According to the BBC, “scientists in the UK claim to have developed the first human nerve cells from human stem cells”:http://news.bbc.co.uk/2/hi/science/nature/4155016.stm. They used embryonic cells, the most pliable of the known stem cell types. These are also the very ones which have mired the U.S. in controversy over Federal funding of stem cell research.
What’s very interesting about the BBC article is the chronology of big public announcements of milestones in stem cell research. What I found striking is that adult stem cells have been studied for a very long time – since the late 1960s! However, embryonic stem cells were first isolated and grown by work done here in the U.S. (at UW-Madison!) in 1998. The U.S. seemed to have the R&D edge until August of 2001, when the President announced a Federal ban on embryonic stem cell research. Important here is that this ban did not apply to adult stem cells, but given the chronology of the scientific research into adult stem cells, and the repeated statements of medical researchers, it’s fairly clear that one would have to invest a lot of money in adult stem cells to make them as inherently viable as the embryonic ones derived from blastocysts.
What’s interesting about 2001 is that, with the ban imposed and no more publicly funded research into embryonic stem cells, it was inevitable that the U.S. would automatically cede expertise and innovation on these cells to other scientifically developed nations. The key discoveries in recent years are increasingly coming from Europe and Asia, which makes perfect sense when you look at their growing support for basic research.

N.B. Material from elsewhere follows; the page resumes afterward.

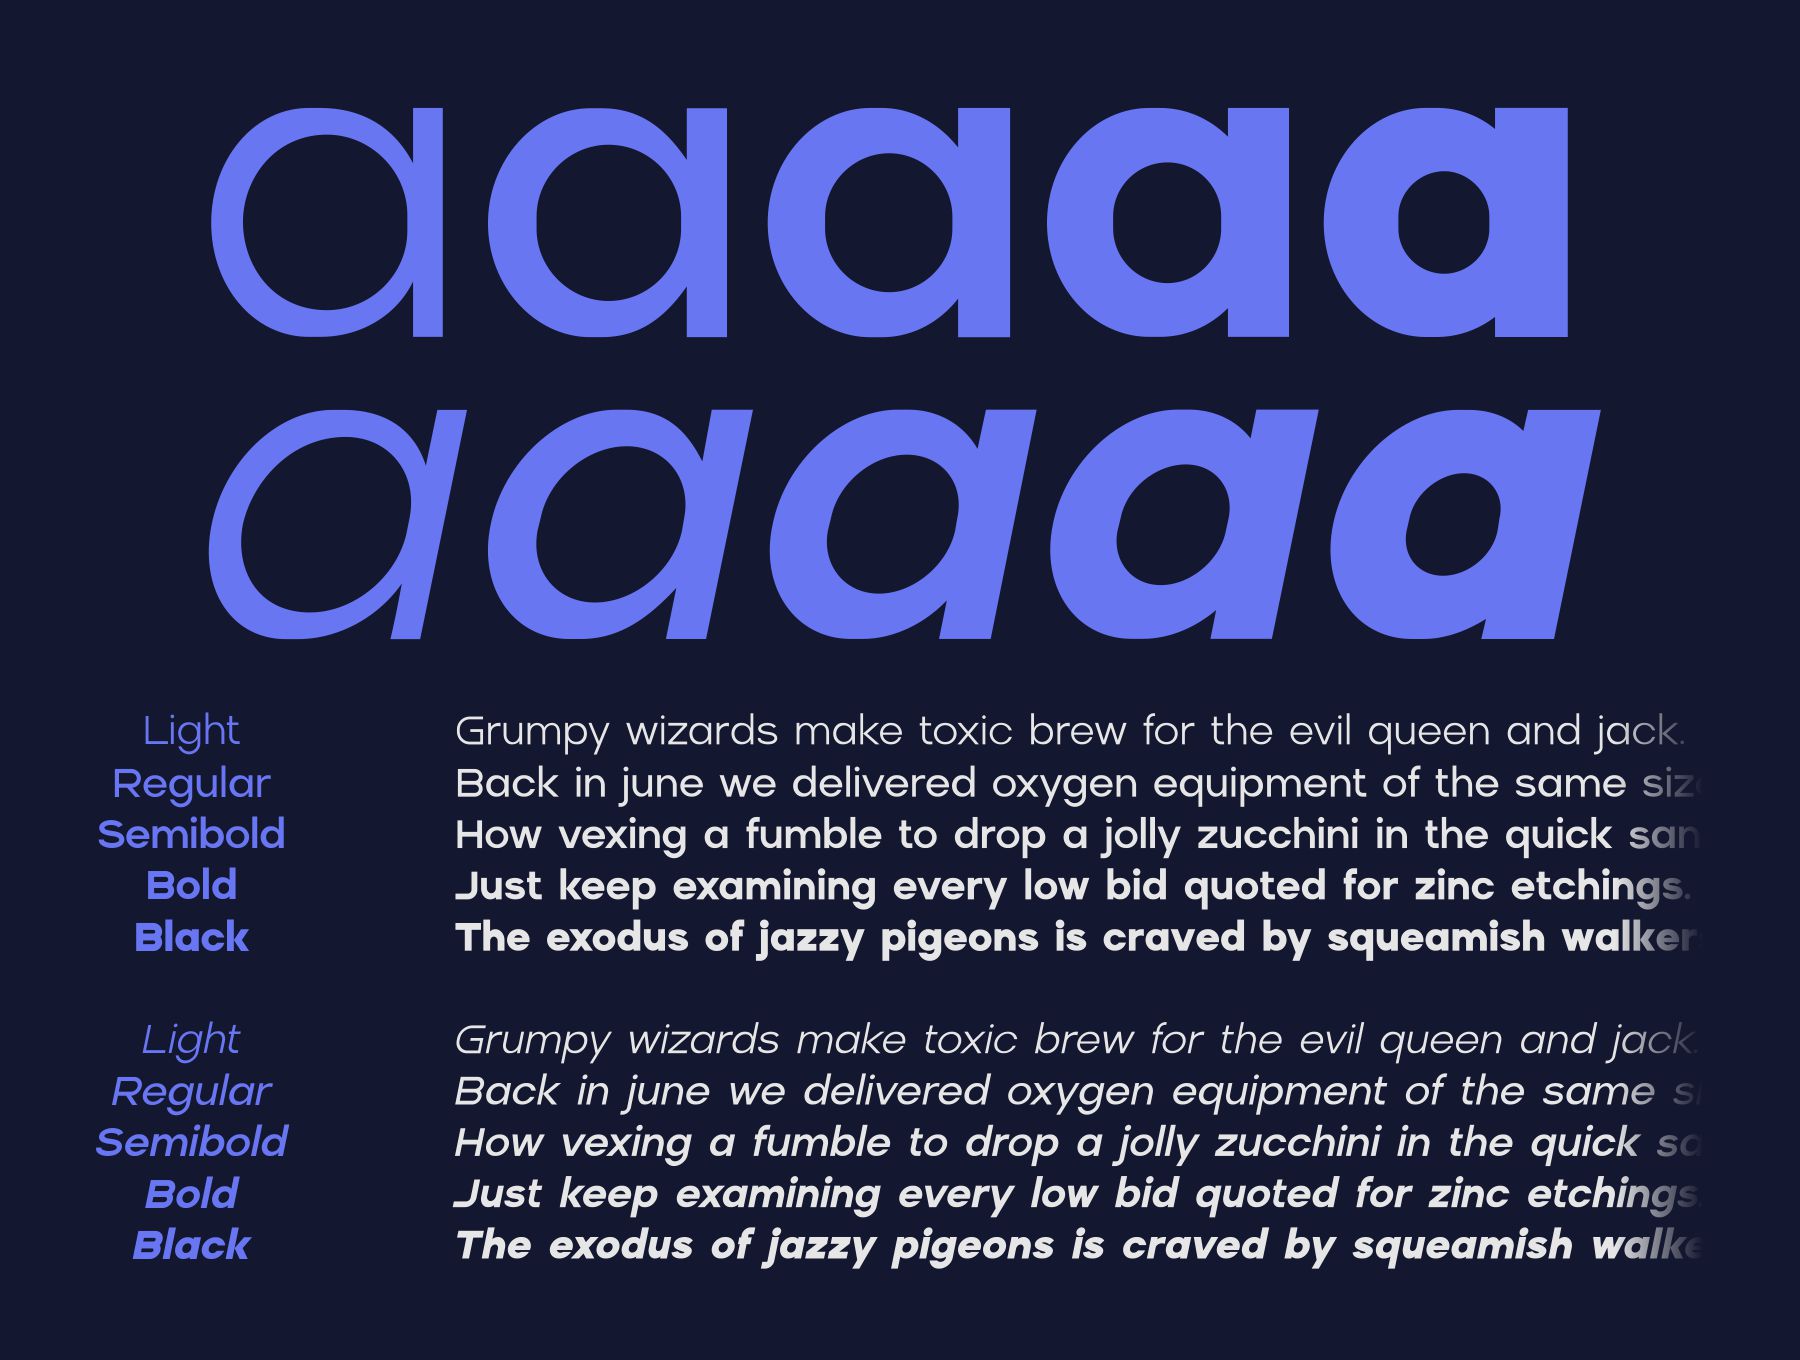 Alacrity Sans字体系列 Alacrity Sans Fonts Family otf格式-字体-到位啦UI

Now, one could make an argument that once we settle the ethical issues about embryonic stem cell research the U.S. will have the most ethically and morally advanced research into stem cells. However, having the moral high ground doesn’t make your research better than that of another agencies. Ironically, this administration was quick to terminate debate and diplomacy and invade Iraq on what turned out to be horrible evidence and thus poor grounds, leading to the inevitable deaths of hundreds of volunteers and thousands of Iraqis. In contrast, this administration has been able to prolong debate between all possible communities about the ethics of taking a human embryo, otherwise destined for storage and possible implanation, and using its basic cellular imprints to try to develop cures for a variety of terrible diseases and injuries. Hmm.
If the scientific debate about the value of stem cells had been allowed to proceed in an open and publicly funded framework, no doubt the U.S. would still be a leader in the understanding of stem cell behavior, embryonic or adult. We’ve seen this research crippled by the lack of Federal action, while other nations have made advances. What concerns me is that a great deal of other research, unburdened by ethical concern, is also highly underfunded. There is a growing trend – stem cells being one example that happens to have ethical overtones – of U.S. leadership in science failing.